日本畜産学会第129回大会

講演情報

口頭発表

4. 形態・生理

形態・生理1

2021年9月15日(水) 08:40 〜 12:00 形態・生理 (オンライン)

座長:小笠原 英毅(北里大獣医)、室谷 進(農研機構畜産部門)、松崎 正敏(弘前大農学生命)、小林 謙(北大院農)、磯部 直樹(広大院生物圏)、鈴木 裕(北大院農)

[IV-15-16] 牛乳房炎罹患牛由来黄色ブドウ球菌に対するマダニ由来抗菌ペプチドの抗菌活性評価

*下田 蒼1、宮澤 亮太1、櫻庭 大騎2、松田 敬一3、安藤 太助1、米山 裕1 (1. 東北大院農、2. 東北大農、3. NOSAI宮城)

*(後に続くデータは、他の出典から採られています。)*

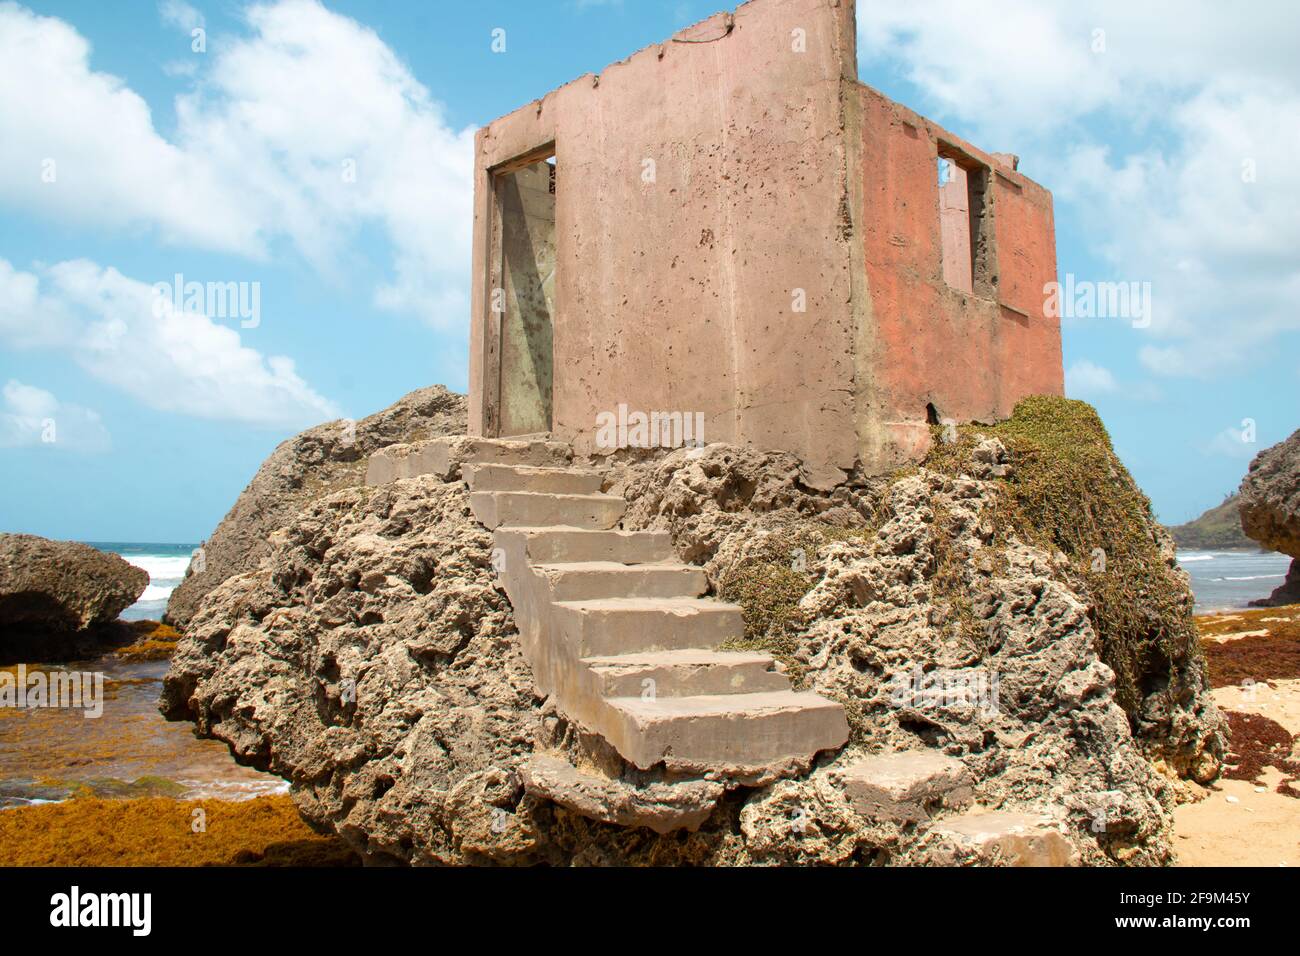 Ruines d'un bâtiment en béton rose sale sur une formation de roches sur la plage de Bathsheba, à la Barbade, pendant la journée. Nuages épais, ciel bleu. Banque D'Images
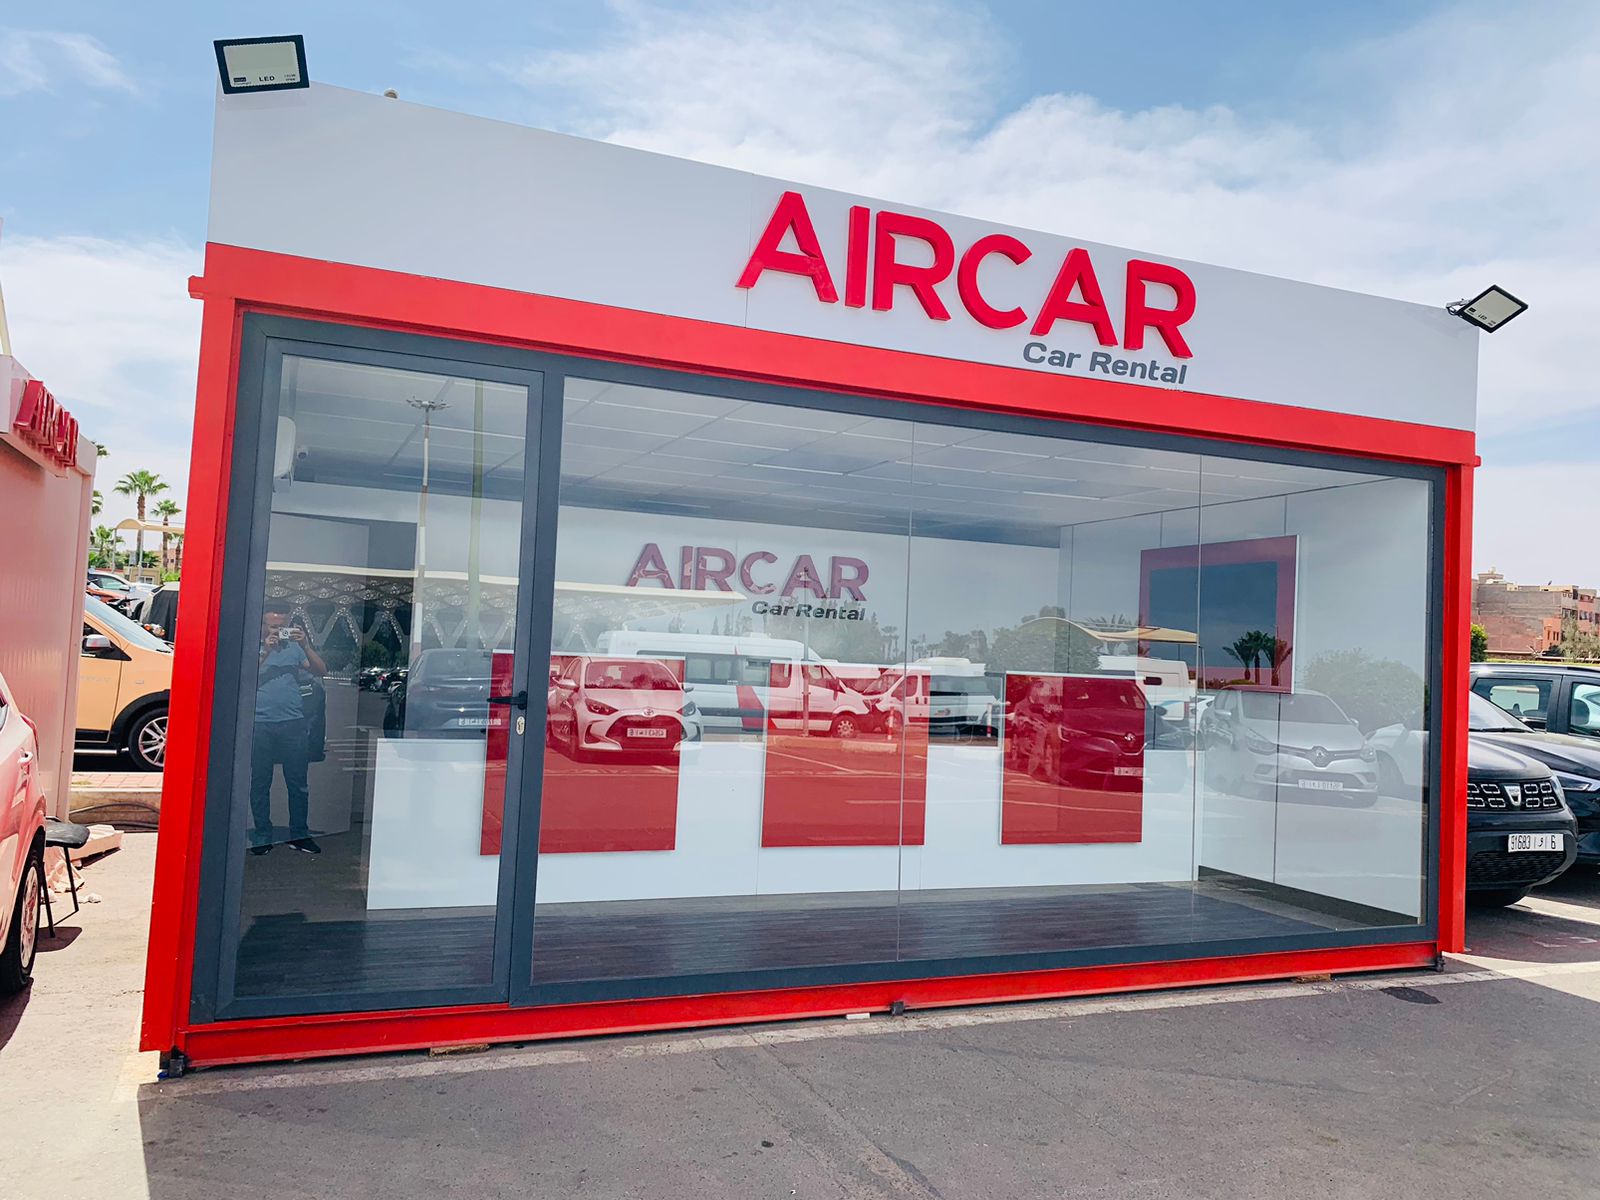 Aircar - Location de voiture au Maroc

【背景】 牛乳房炎は黄色ブドウ球菌(Staphylococcus aureus, SA)や大腸菌などの病原細菌が乳房内へ感染することで発症し、乳質および泌乳量の低下を招く経済的損失が甚大な家畜疾病である。乳房炎の治療は一般的に抗生物質投与が行われているが、一方で乳房炎罹患牛の生乳や食肉からメチシリン耐性黄色ブドウ球菌(MRSA)が世界中で検出され、畜産物を介してヒトへ伝播することが懸念されている。そのため獣医畜産領域において薬剤耐性菌出現リスクを軽減させる新規抗菌薬が強く求められている。
【材料および手法】 我々はSAやMRSAに対して強力な抗菌活性を示すマダニ由来抗菌ペプチド(Persulcatusin, IP)を乳房炎防除の新規ツールとして着目した。宮城県央域の畜産現場において乳房炎罹患牛から分離されたSAを被験菌として、最小発育阻止濃度(MIC)を測定することでIPの抗菌活性を評価し乳房炎由来SAに対する有効性を検討した。
【結果】SA分離株に対するIPのMICは0.25~8 μg/ml(0.06~1.9 μM)であり、βラクタム系抗生物質のアンピシリンおよびマクロライド系抗生物質であるエリスロマイシンのMICはそれぞれ0.5~1 μg/ml(1.4~2.9 μM)、0.5 μg/ml(0.68 μM)であった。以上よりIPは乳房炎由来SAに対してin vitroで有効であることが示された。